Government officials admit there will still need to be policy changes to the EI system to help some self-employed workers qualify, and capture EI-eligible workers who, due to the pandemic, haven’t been able to work the necessary qualifying hours.

“Our view is that we need to, over the next little while, make sure that our employment insurance (system) is back up and running, but that we continue to support people in a way that gives them confidence that they’ll be able to provide for themselves and their families,” Finance Minister Bill Morneau told reporters ahead of the document’s release.

“It’s not easy. We’re in challenging times. We’re going to make sure we support people to get through these challenging times because we know that’s the right thing to do.”

READ MORE: Nearly 11M Canadians have received COVID-19 emergency benefit, wage subsidy: Trudeau

For this calendar year, the government expects the unemployment rate to hit 9.8 per cent, dropping to 7.8 per cent next year based on forecasts by 13 private-sector economists.

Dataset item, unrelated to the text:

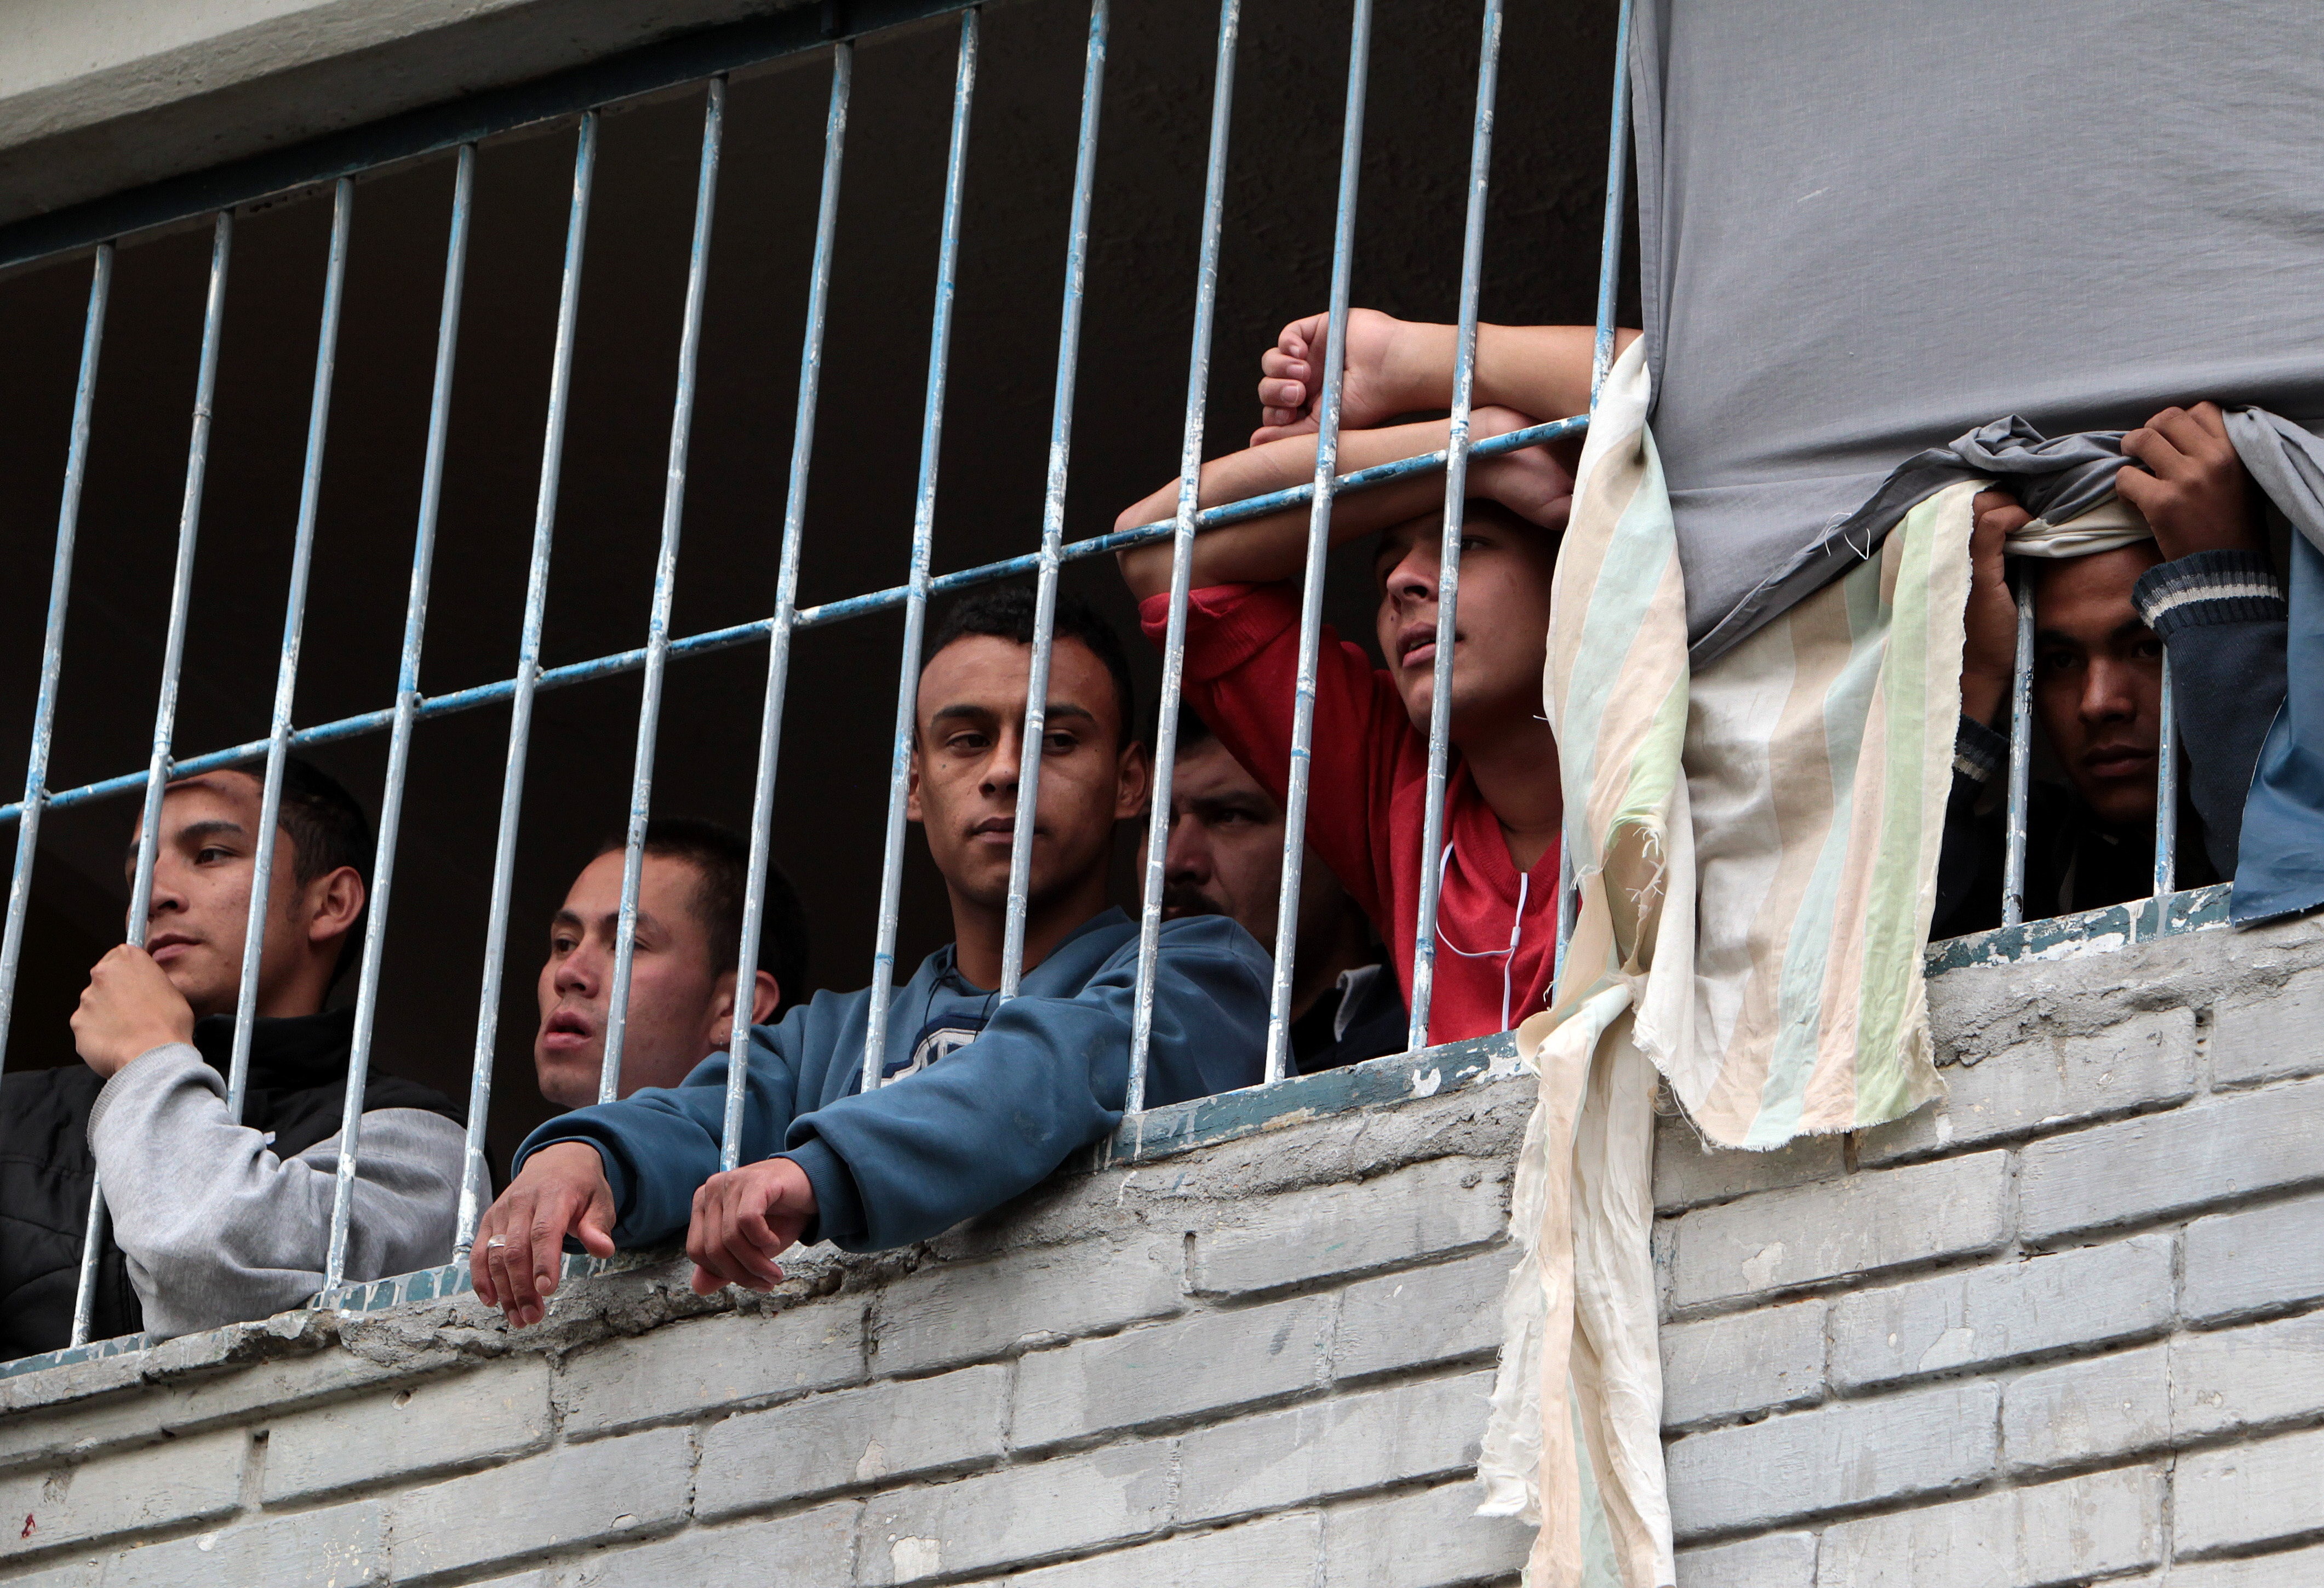 370 % de hacinamiento tiene la estación de Policía de La Macarena en Bogotá, donde se escaparon 26 detenidos

Although that’s an improvement from the record-high unemployment rate of 13.7 per cent in May for a labour force of just over 19 million, it is still much worse than than the record low of 5.5 per cent pre-pandemic.

The document doesn’t contain the five-year forecast traditionally part of federal budgets owing to the uncertain path the pandemic will take and the state of the economy beyond that.

“Even when the pandemic is over, lasting consequences may cast a long-term shadow over economic developments, for example via more indebted businesses and households, persistent unemployment and substantial structural changes in the economy that have been accelerated through the crisis,” the government’s update says.

“In the coming months and as needed the government will announce measures to support the recovery.”

Opposition parties had wanted Morneau to provide a road map for reshaping emergency aid measures that are set to expire in the fall and keeping spending and deficits under control.

In his own morning news conference, Conservative Leader Andrew Scheer said the Liberals mishandled the COVID-19 pandemic by being slow to close borders and by instituting too-rigid emergency aid programs.

Canada can’t afford for the Liberals to mishandle the economy as well, he said, by keeping benefits in place that remove incentives to go back to work while the novel coronavirus remains a risk.

“Liberals put all their faith in government, Conservatives put our faith in people,” Scheer said.

He said the Liberals should take up a Conservative proposal to offer a “back to work bonus” and send more money to the federal auditor general so her office can study the government’s spending more closely.

Next week, the Bank of Canada is to again update its forecasts when it releases a monetary policy report along with a scheduled interest-rate announcement.

Last month, the central bank said it expected a decline between 10 and 20 per cent in the second quarter compared with the fourth quarter of 2019. That is an improvement from the 15-to-30-per-cent drop in the quarter highlighted in the bank’s worst-case scenario in April.